One of the major plotlines involves her character’s push to earn a much-deserved position with tenure — and Ji-Yoon’s wheeling and dealing to help make it happen, whatever demoralizing compromises she is forced to indulge. Both are repeatedly thwarted.

“I think what Amanda and the team got so right was that feeling of walking into a room and being outnumbered,” Mensah said. “The language around all of that can be very subtle. Nobody’s burning crosses in anybody’s front yard anymore.”

An extra four months of writing time, the result of a pandemic pause, helped Peet get the nuances right. “When you can put something in a drawer for a little while, try not to think about it and then take it back out, it’s kind of incredible,” she said with a pause. “It’s incredible how much I realized it sucked.”

On set, channeling those subtle tensions came perhaps a bit too naturally. Oh noted that the cast members Bob Balaban, Holland Taylor and Ron Crawford — all of whom are over 70 — were all working for weeks before the vaccine was available to them. The risk they faced added a layer of anxiety that matched the tension the writers were trying to depict in their portrayal of academia.

“Everyone is nervous about their future, nervous about their position,” Oh said of the characters. “And here you have, on the outside world, a pandemic going on, so everyone is sharing in that uniform tension.”

Oh applauded Peet’s work as a showrunner in keeping things improvisational and light — critical for the humor to fly on set. In one scene, her character is speaking to an older English professor, Elliot Rentz (Balaban), about his glory days at the university. The shared assumption, as Ji-Yoon understands it, is that those days have passed.

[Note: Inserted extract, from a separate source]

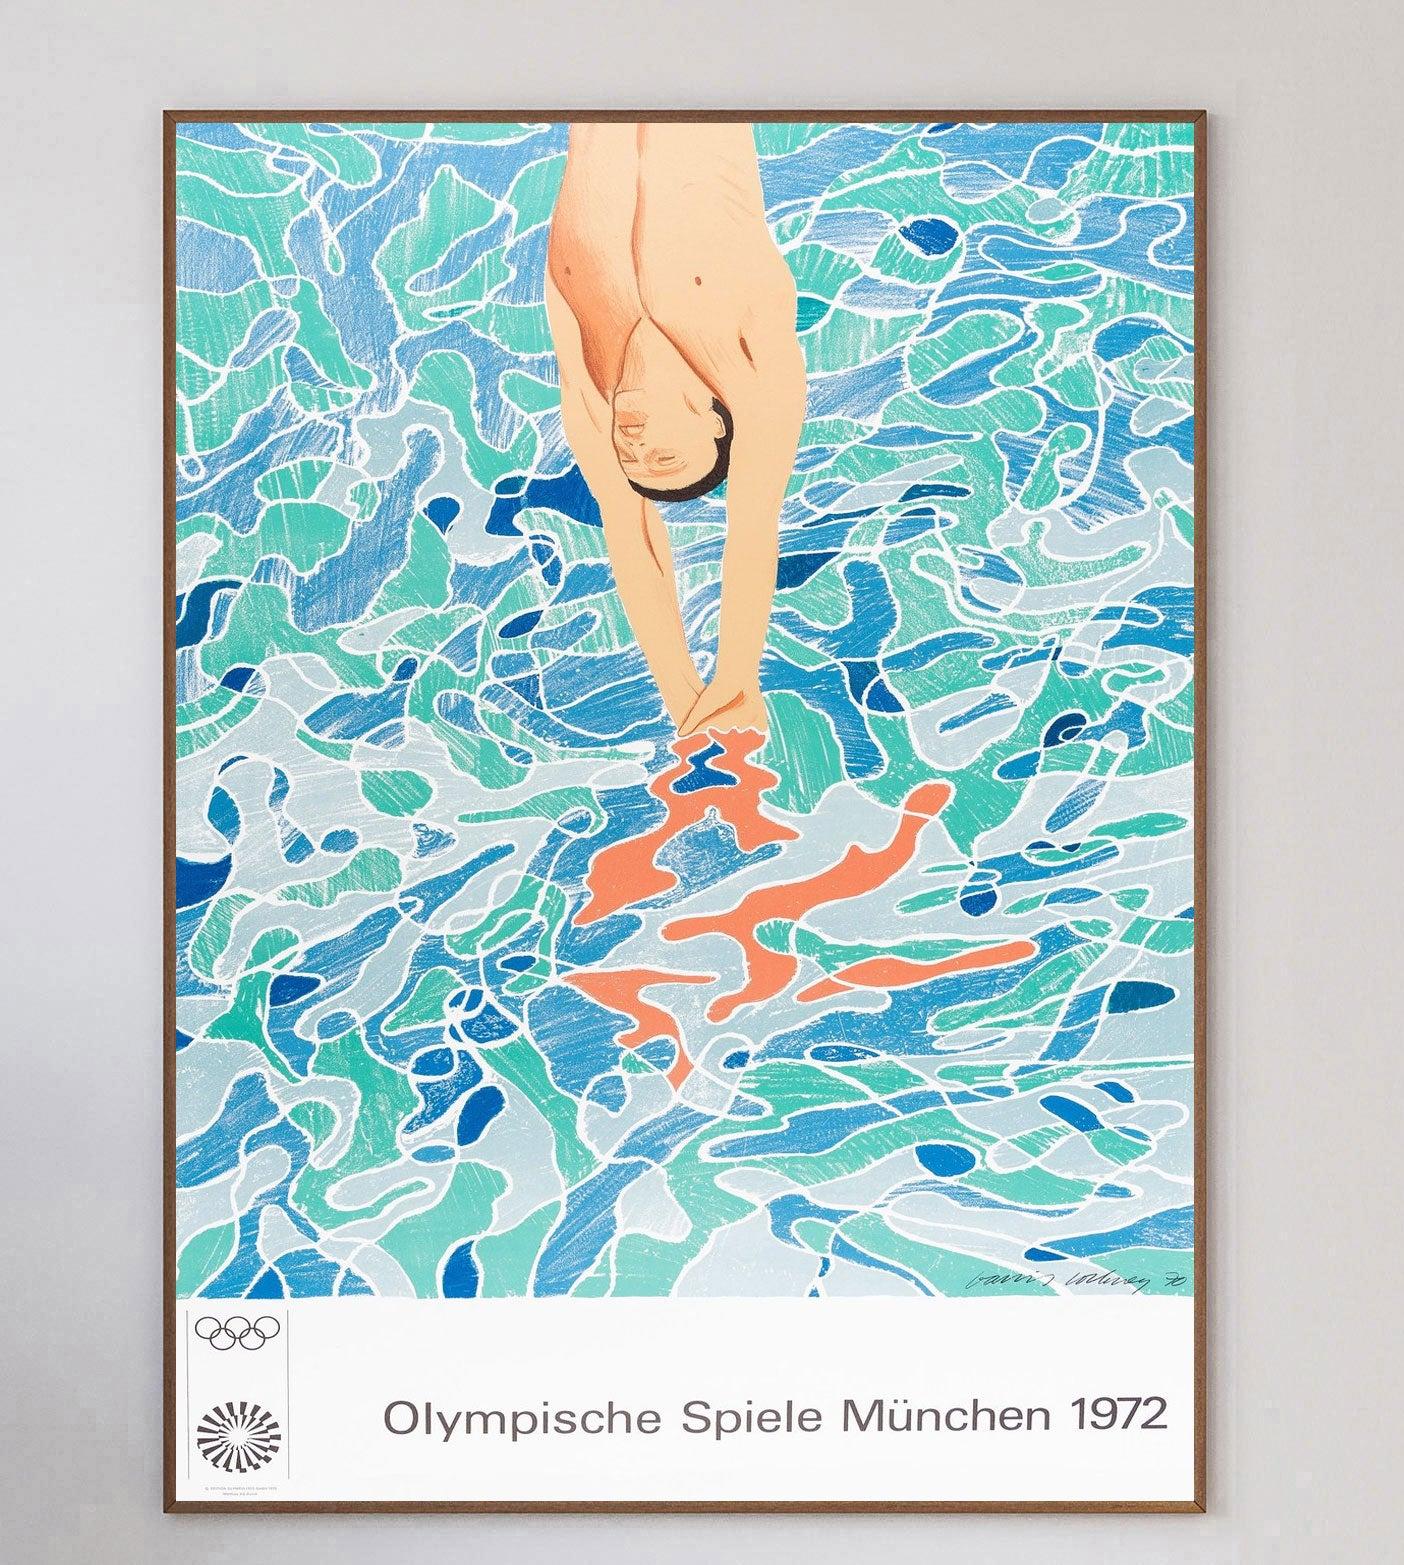 Celebrated British artist David Hockney was one of 29 artists commissioned to produce posters for the 1972 Munich Olympic Games. In the run-up to the 1972 Games, the Organising Committee decided to commission a series of Artist Posters to

Elliot isn’t so sure. “Who says I’m not in my heyday now,” he retorts before flippantly tossing his hat onto a coat rack — only to see it tumble awkwardly to the floor. As Oh tells it, the beat was born of a moment of spontaneity, in which Peet suddenly grabbed a hat off her first assistant director, Drew Langer, and asked Balaban to toss it.

“She’s firing very quickly,” Oh said.

Given the ages of the leading cast and creators, most of whom are over 45, it might have been easy to simply skewer Gen Z campus wokeness and have the last laugh. But it was important to those interviewed that various perspectives be considered.

Duplass’s character, Bill, a recently widowed and popular professor, finds himself in the vortex of those opposing currents on campus. An offensive gesture that he intended ironically is taken out of context and goes viral. Protests are organized against him. A young MAGA-type applauds him for defending “free speech.”

“I feel like Amanda put me in the deepest, darkest hole she could find and said ‘All right, bud, good luck,’” said Duplass, 48, who was also a creative consultant for the show. “‘See if you can climb out of this.’”

In an early episode, Bill believes he can rely on his charm and intellectual talents to calm a gathering of angry students. Halfway through his painfully inadequate non-apology, he realizes he is so out of his depth, it almost takes his breath away.

“That’s my biggest beat change in the whole season,” Duplass said. It is the moment when his character realizes that “the patriarchy is ending right here and right now. The privileges I have held up until this moment are over.”

Yet in Peet’s world, no one is safe and there are no heroes.

“She did not hold back on making fun of anyone,” Duplass continued. “The professors and the kids are all the smartest people in the land, and they’re all [expletive] idiots.”